These are the key concepts you need to understand to accurately answer the question.

Hooke's Law
Hooke's Law is fundamental in understanding how springs behave when they are compressed or stretched. Simply put, Hooke's Law states that the force exerted by a spring is directly proportional to the displacement from its equilibrium position and acts in the direction opposite to this displacement. The mathematical expression for Hooke's Law is:
  • \( F = -kx \)
Where:
  • \( F \) is the force exerted by the spring,
  • \( k \) is the spring constant, a measure of the spring's stiffness, and
  • \( x \) is the displacement from the equilibrium position.
The negative sign indicates that the force is a restoring force, always aiming to bring the object back to its equilibrium point.

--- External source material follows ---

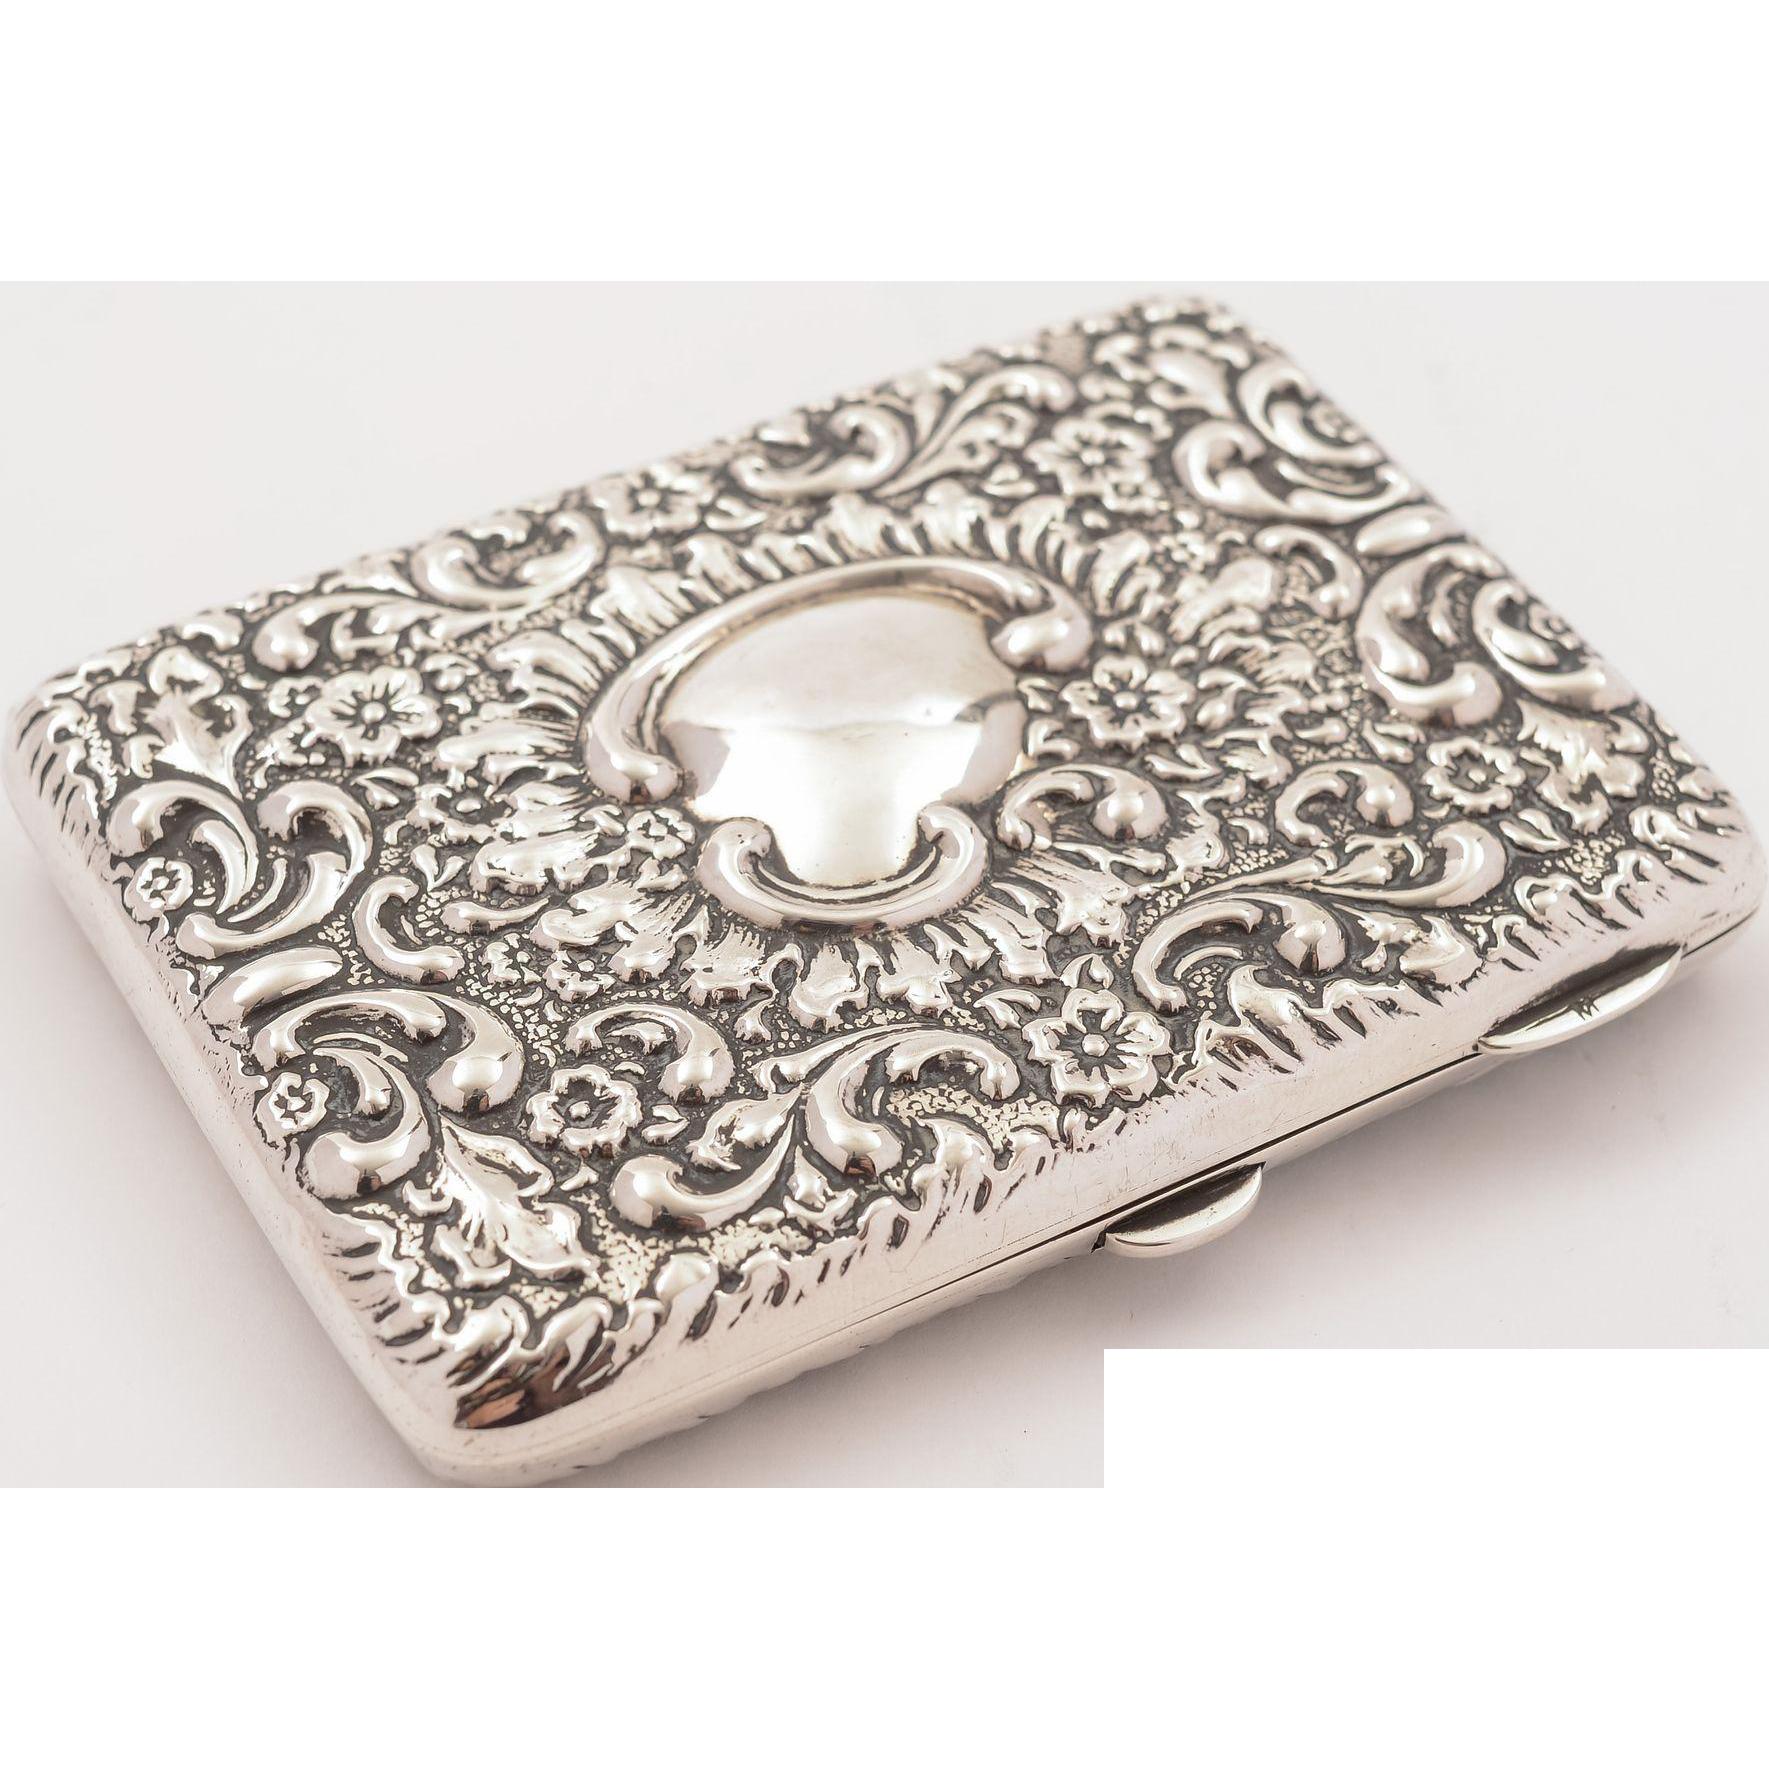 Edwardian Silver Card Case/Aide Memoire, Chester 1906
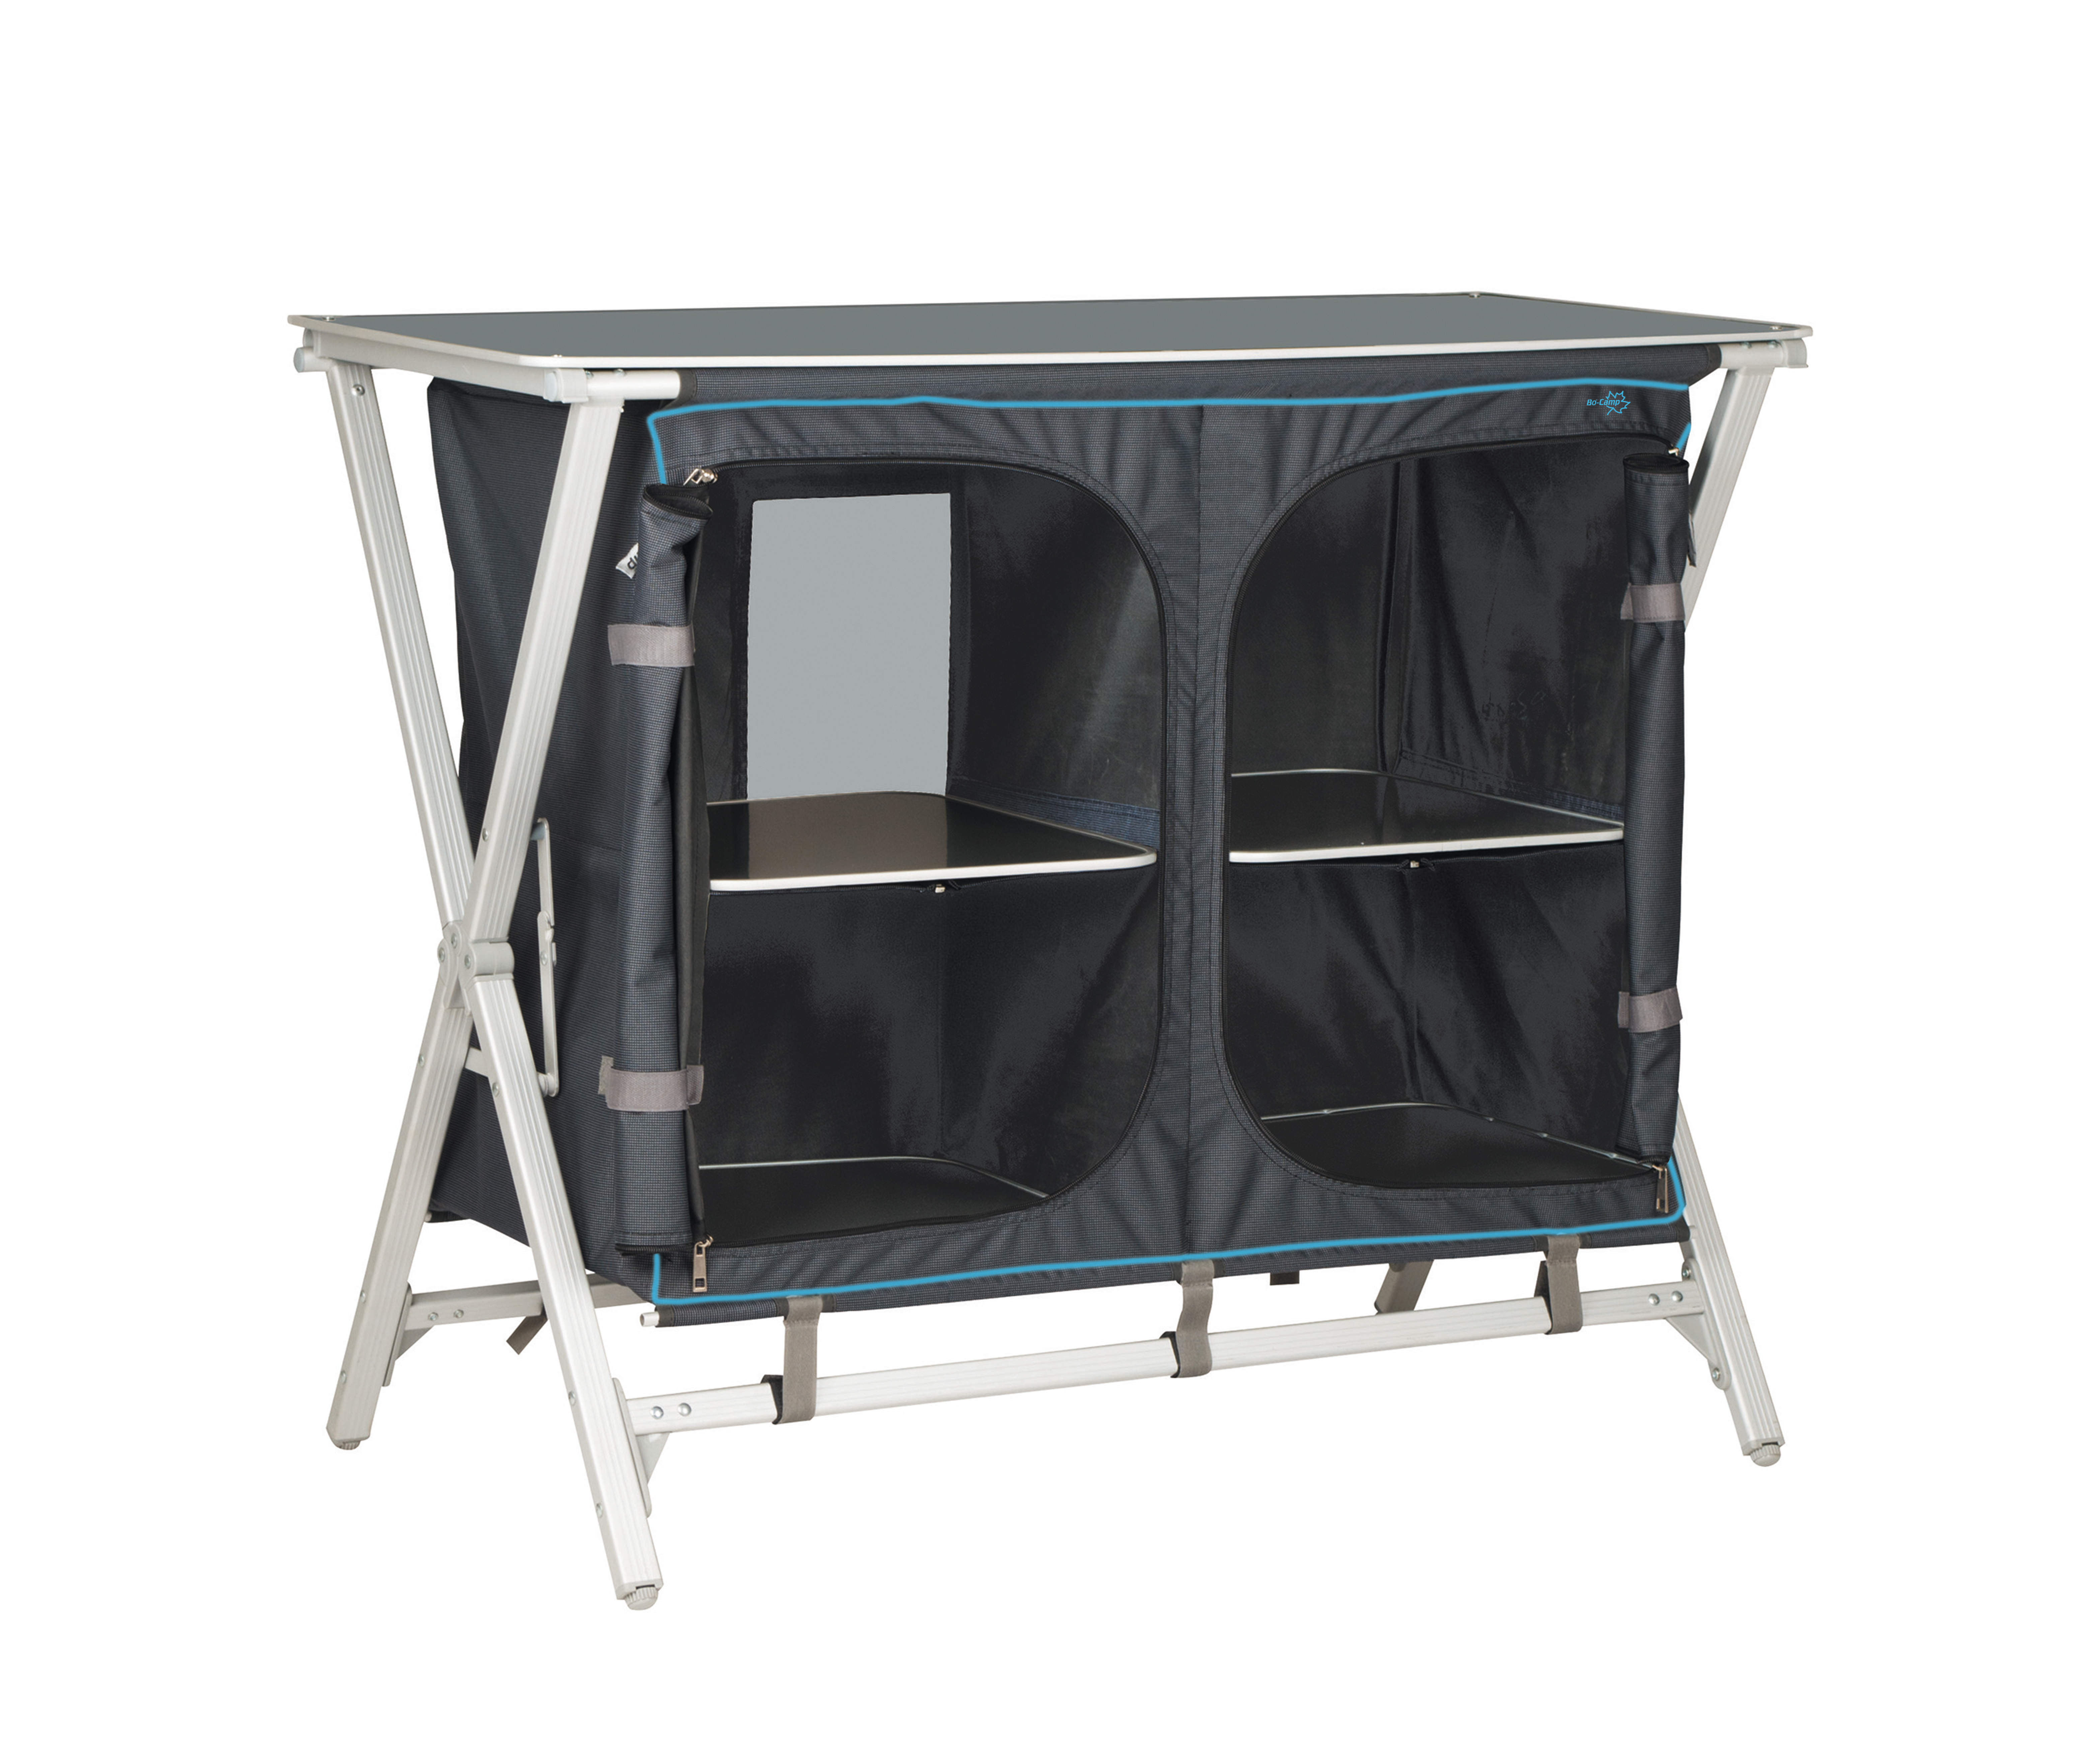 Camping Küchenschrank Easy-to-fold - Camping- & Outdoor-Zubehör

Using this law, we calculated the force exerted by the spring in the problem as \(-9.84\, \text{N},\) with the negative indicating it is directed opposite to the displacement.
Angular Frequency
Angular frequency, denoted by \( \omega, \) is a crucial concept when discussing oscillatory motion like Simple Harmonic Motion (SHM). It describes how many radians an object moves through per second, which helps us understand the rate of oscillation.
  • The formula for angular frequency in a mass-spring system is:\[ \omega = \sqrt{\frac{k}{m}} \]Where:
    • \( k \) is the spring constant,
    • \( m \) is the mass attached to the spring.
Substituting the given values, the angular frequency for our problem is calculated as approximately \( 10.46 \, \text{rad/s}.\)This tells us that the mass completes one radian of motion every \(0.096\) seconds.
Maximum Speed
The maximum speed in a Simple Harmonic Motion occurs as the oscillating object passes through its equilibrium position. This point is where all the potential energy stored in the spring, when it is compressed or extended, is converted into kinetic energy.
  • To find the maximum speed, we use:\[ v_{max} = A\omega \]Where:
    • \( A \) is the amplitude, the maximum displacement from the equilibrium, and
    • \( \omega \) is the angular frequency.
In our case, substituting \( A = 0.120 \, \text{m} \) and \( \omega = 10.46 \, \text{rad/s}, \) results in a maximum speed of \( 1.255 \, \text{m/s}. \) This speed happens at the midpoint of the oscillation, showing how fast the object moves through equilibrium.
Amplitude
Amplitude is a measure of how far an object in harmonic motion moves from its equilibrium or rest position. In this context, it's the maximum extent of displacement during the oscillation.
  • The equation for the maximum speed in SHM depends on amplitude:\[ v_{max} = A\omega \]Where:
    • \( A \) is the amplitude, and
    • \( \omega \) is the angular frequency.
In other words, the larger the amplitude, the greater the potential speed and energy since the object travels a longer distance from rest before being pulled back by the spring. In the given exercise, the amplitude of \(0.120 \text{m}\) represents the furthest point reached by the block from its original position, emphasizing its role in the oscillation process.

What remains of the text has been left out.